> _Material for this task_:
——————————
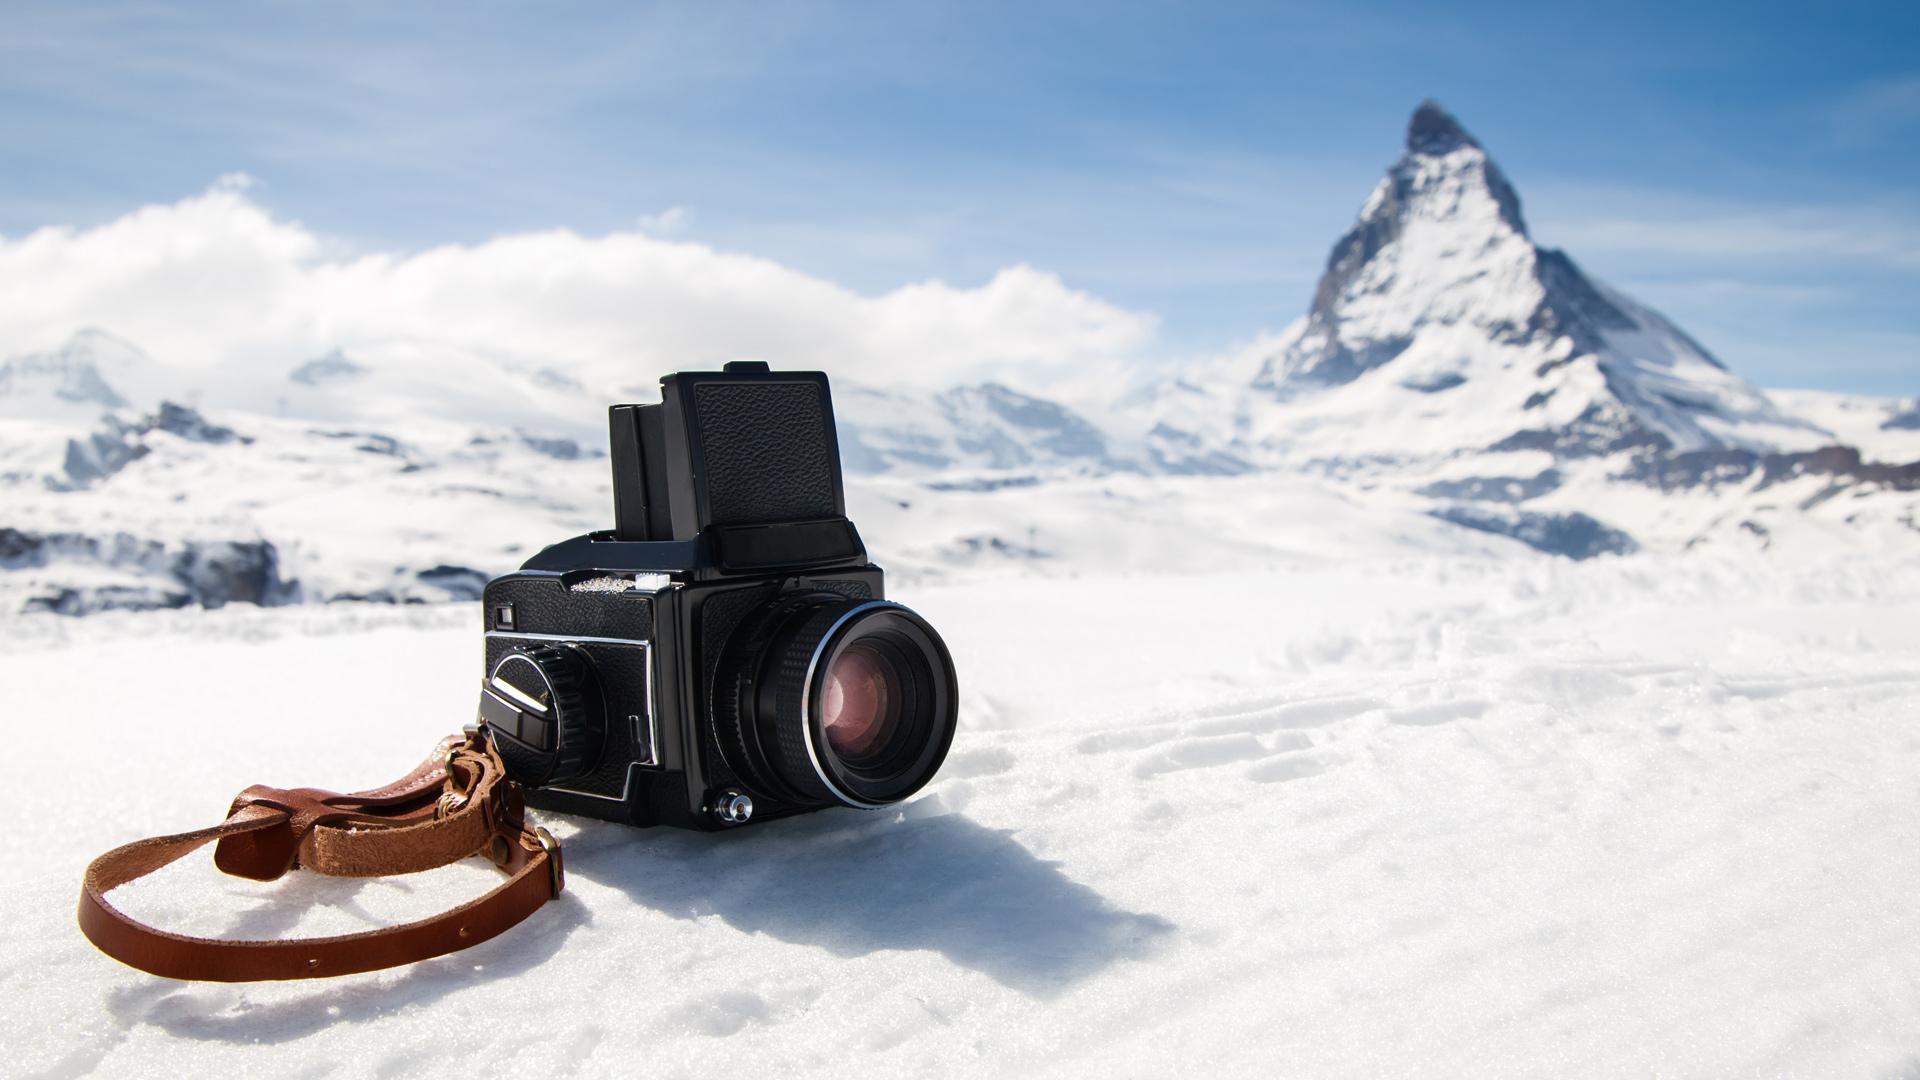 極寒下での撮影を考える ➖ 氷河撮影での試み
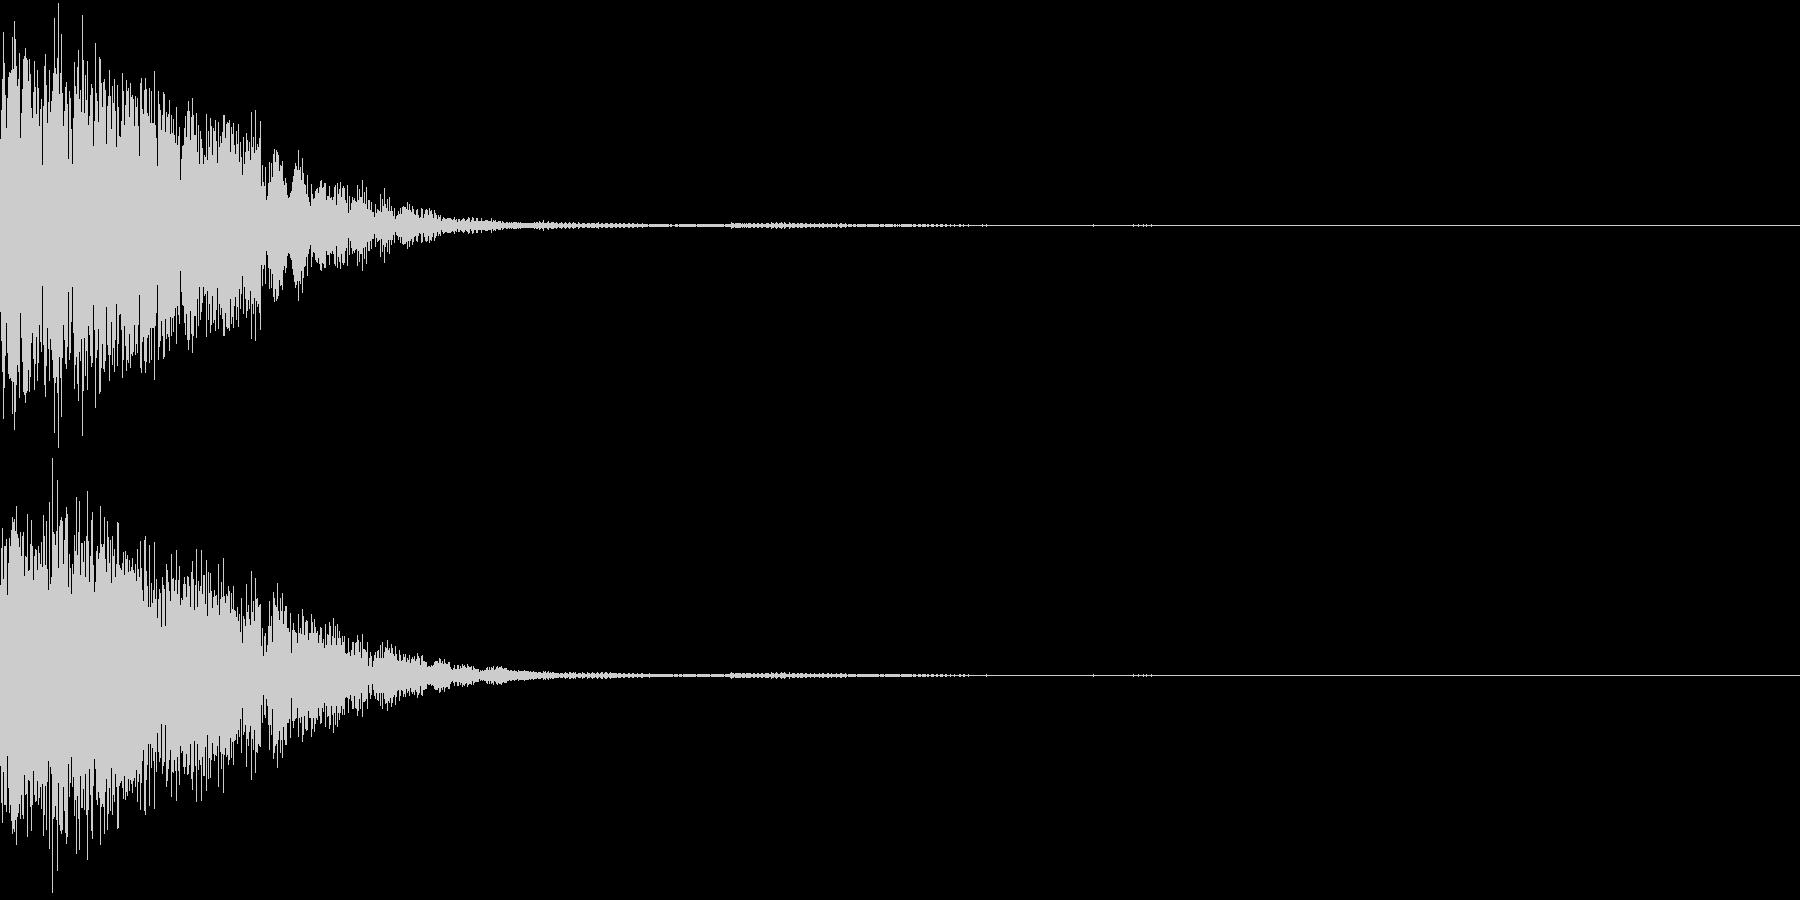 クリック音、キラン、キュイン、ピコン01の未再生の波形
——————————
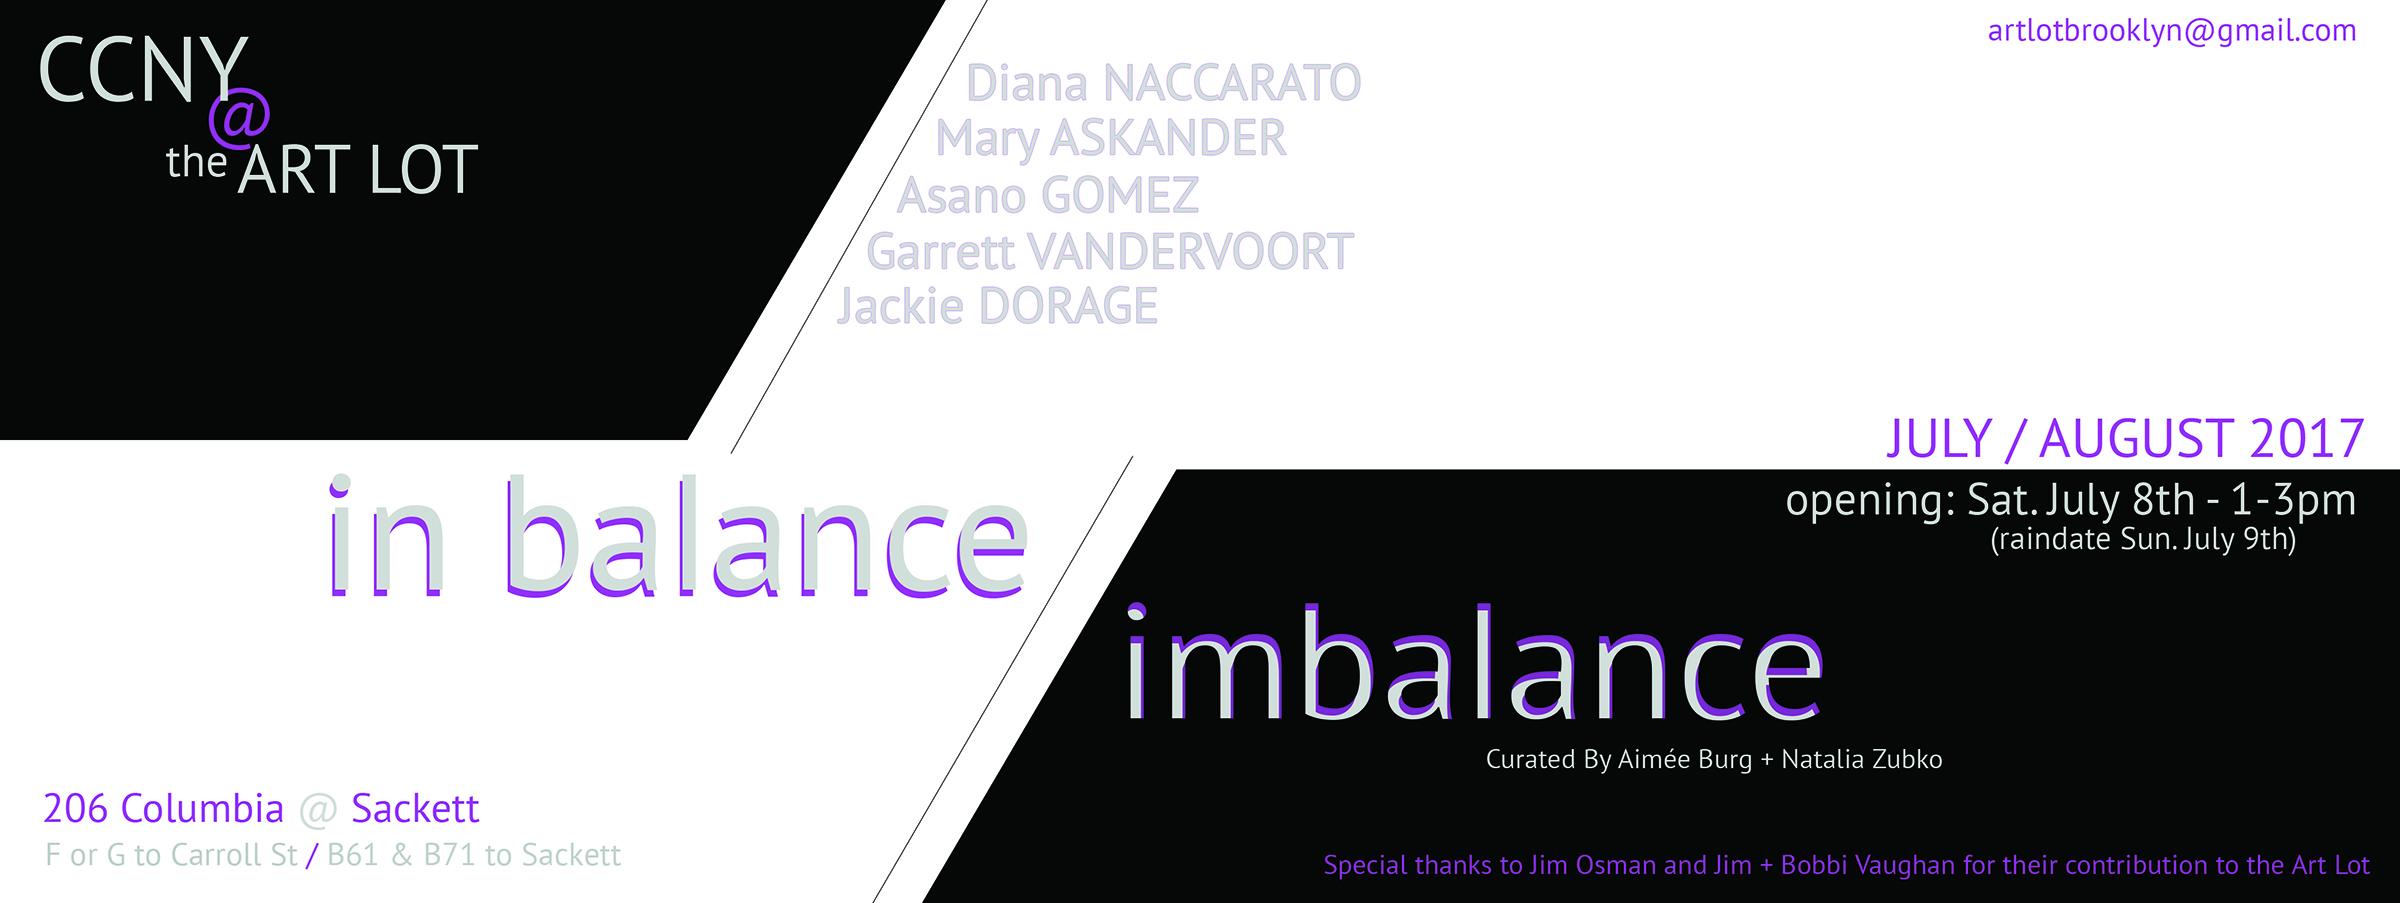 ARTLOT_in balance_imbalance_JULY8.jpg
——————————
> _Exercise details_: Look above for the line with "極寒下での撮影を考える ➖ 氷河撮影での試み", then print it and each line after it down to and including the line with "クリック音、キラン、キュイン、ピコン01の未再生の波形". Leave out the pictures and keep the wording exact.

> _Output for this exercise_:
 極寒下での撮影を考える ➖ 氷河撮影での試み
 クリック音、キラン、キュイン、ピコン01の未再生の波形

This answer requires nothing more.